Braun (17 pts, 10 rebs) would answer on the other end with a layup to keep it a single possession game, but Adam Flagler (13 pts, 6 rebs, 3 asts) answered with the jumper, and Baylor again had a two possession lead and got the stop with less than 90 seconds remaining.
The dagger: James Akinjo (12 pts, 6 asts) drove in on Harris as the stadium thundered like a Space-X missile launch, and he finished the and-one. Baylor took a 76-68 lead, KU relinquished the ball the next possession, and Baylor had sealed yet another victory over a top 10 team in the Scott Drew era.
Drew noted the energy that the crowd gave the team at the start of the game, and he rightly praised them. Tonight’s game had the ineffable feel of a big-time game. The sound, the energy, the sway of the student section, the record 10, 628 in attendance. Sublime. The signature moment of Ferrell Center fandom should go down as the foot-stomping thunder before the Akinjo and-one dagger. I’ve been to a lot of big games in the Ferrell, including earlier this season for the top 5 beatdown against Villanova. There’s never been a moment like those three seconds of deep, resonant thundering during live action.
“I was just finishing my breakfast, like coach says,” Thamba described after the game. Especially with Tchamwa-Tchatchoua out, he said, he feels an added responsibility to play with force and energy. Drew also commented that as roommates with Tchamwa-Tchatchoua, Thamba feels the emotional urgency to pick up the slack. Tonight, the team couldn’t have won without him.
And on a day when 6 of the top 9 have lost (and Gonzaga is down 15 to St. Mary’s at half as of this writing), you’ll take it however you can get it.
There are no guarantees in college basketball.

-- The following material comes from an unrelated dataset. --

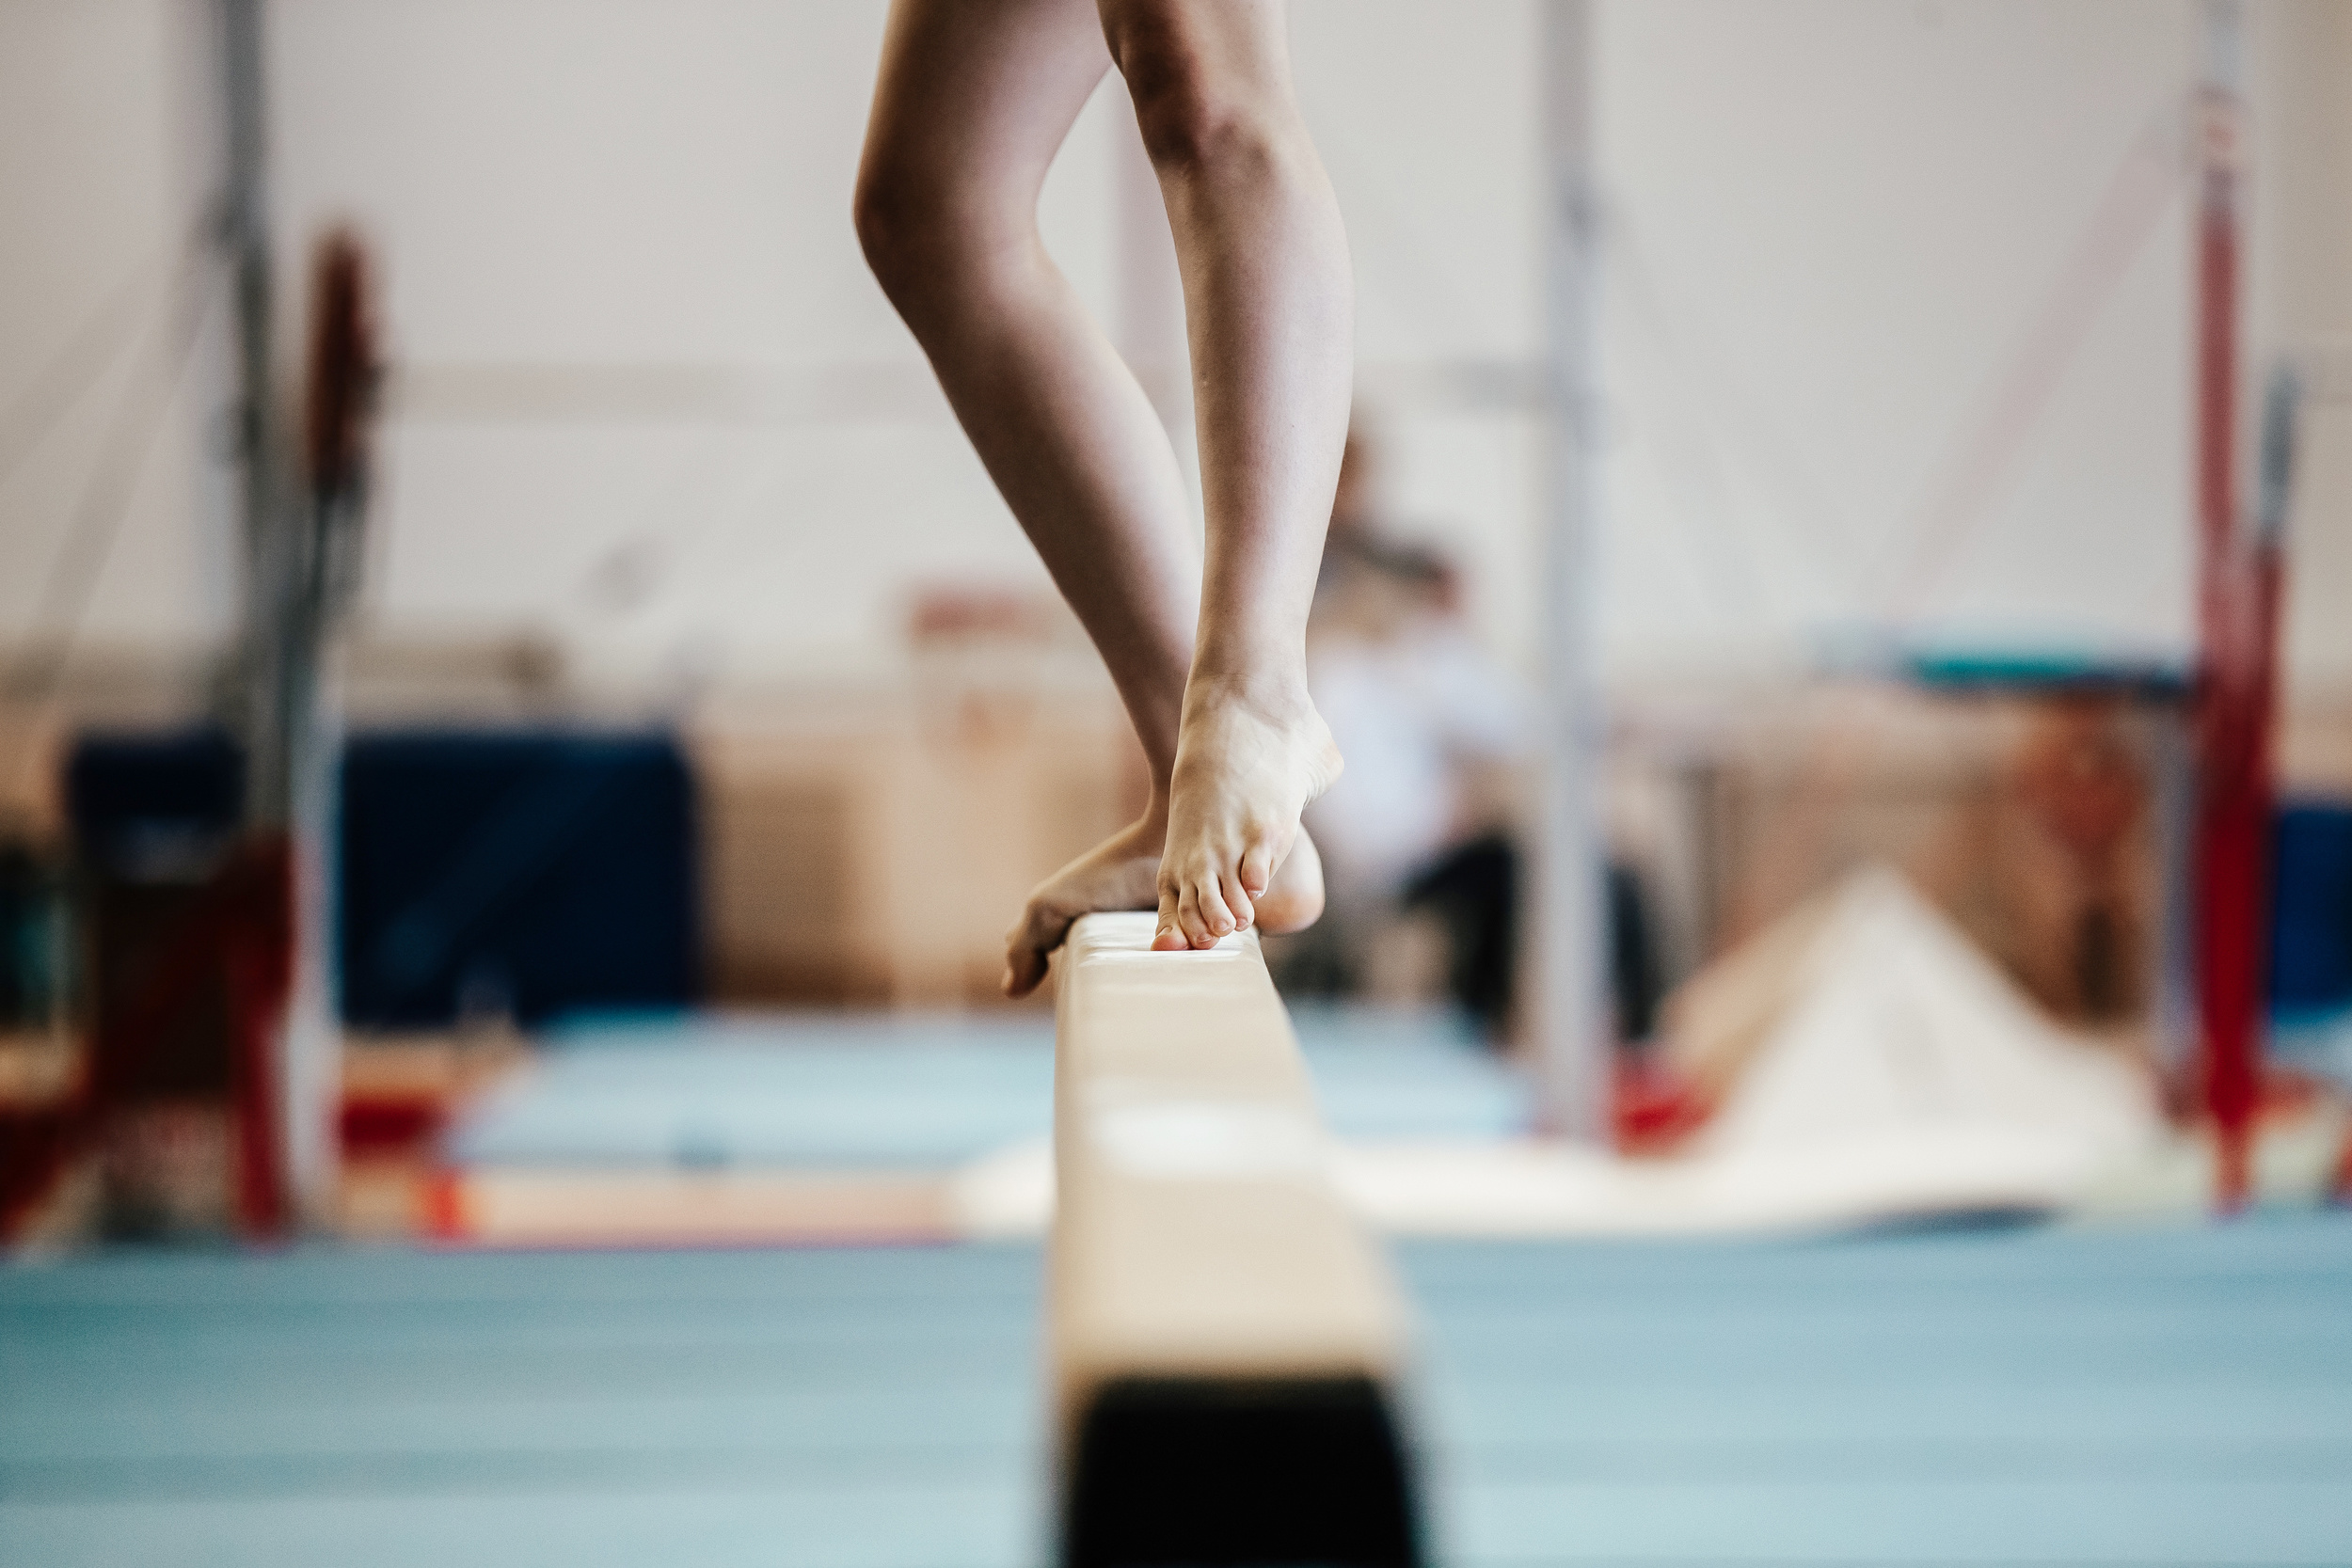 competition gymnastics exercises on balance beam girl gymnast

Three of those top 10 teams lost to unranked opponents, something that made Baylor fans ready to call it a season earlier in the year. That Baylor could be down double-figures just minutes into the game against the team that boat-raced them at the start of the month and not only mount a comeback, but stare that team in the eye for an entire half before pulling away for a 10-point win — that’s special stuff.

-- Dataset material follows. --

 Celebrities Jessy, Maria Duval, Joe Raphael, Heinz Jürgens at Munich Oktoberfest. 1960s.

When Kansas was out on a 16-4 lead, it looked like we were in for a repeat of the game in Lawrence. Kansas was getting good looks from outside and finding ways to get the ball around the rim. When it was 24-13 and most of Baylor’s point were coming from Thamba. Baylor’s big man had 12 of the first 17 points for the Bears. Baylor was 0-6 from three. Things were grim.
Then slowly, Baylor crept back into the game, almost before the crowd could notice. A Flagler layup after a phenomenal defensive possession, and it was 28-21. At that moment, the crowd woke up. Kansas had Agbaji, Braun, and McCormack all on the bench, and it was a quick 6-0 run for Baylor.

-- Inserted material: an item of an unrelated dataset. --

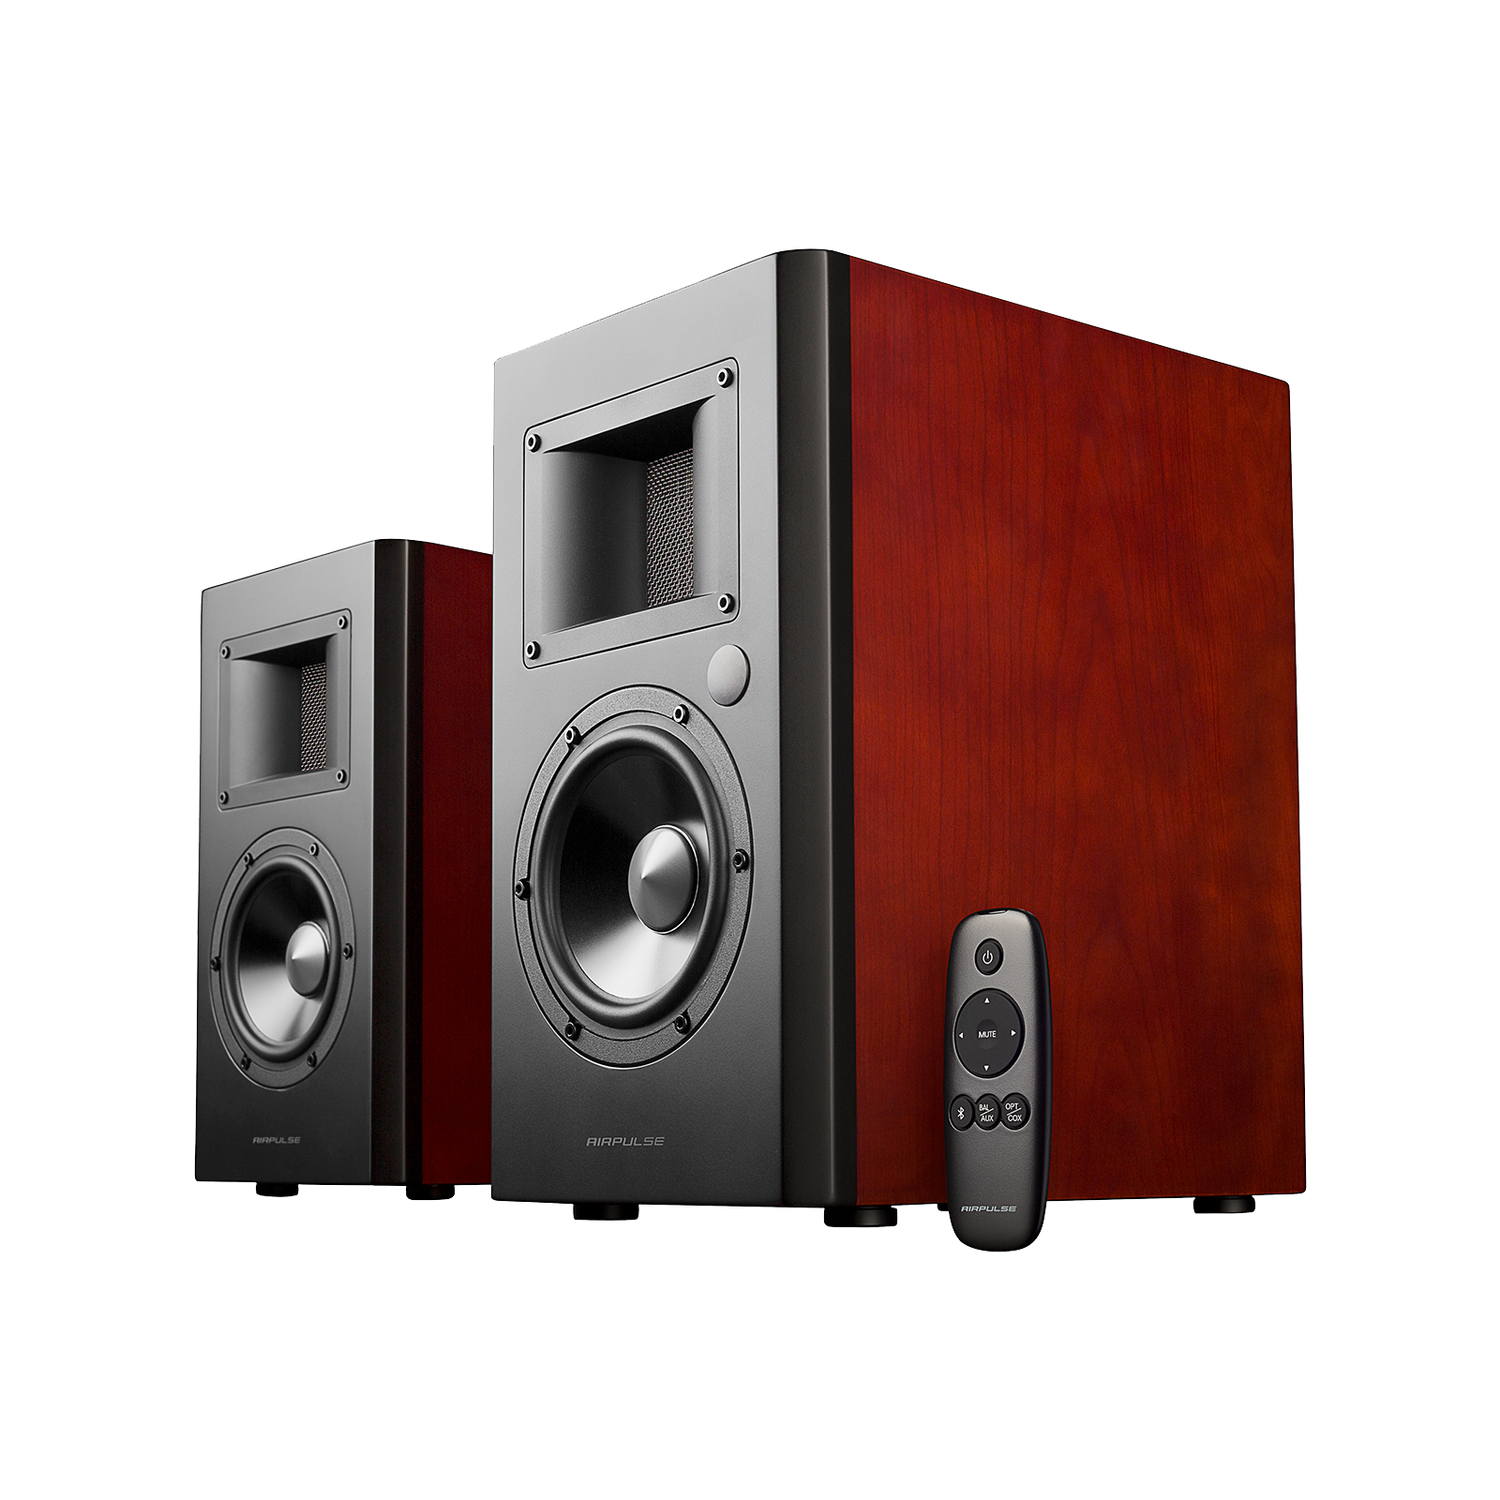 Airpulse A200 Studio-quality Speakers

Now with the crowd roaring, a Bonner drive and drop to Sochan for the dunk, that led to a Sochan block on the other end that led to a Flagler leaning layup around Jalen Wilson brought Baylor within three. The run had stretched to 10 and the score was just 28-25. Baylor’s defense had held Kansas scoreless for 3 minutes as Agbaji, Braun, and McCormack rested.
To see that kind of heart and push after things looked so ugly early was gratifying. After seemingly falling too far behind, Baylor was down just 32-31 at half.
Tonight’s win brings Baylor just a half game back from Kansas for first in the conference. Texas Tech, who lost to a TCU team that Baylor handed it to earlier in the week, is no 1.5 games back, technically still in it, but likely out. If Kansas wins out (and with two games against TCU and a home game against Texas, that is very possible), the conference title is there’s again. Baylor can only take care of their business, though, and that’s to face the Texas Longhorns in Austin on Monday before the regular season finale in Waco against Iowa State, who will bookend Baylor’s conference schedule.
Win those games, and the Bears have a shot to repeat.
Today, Kansas learned what many top ten teams have learned recently against Baylor: don’t corner an injured Bear.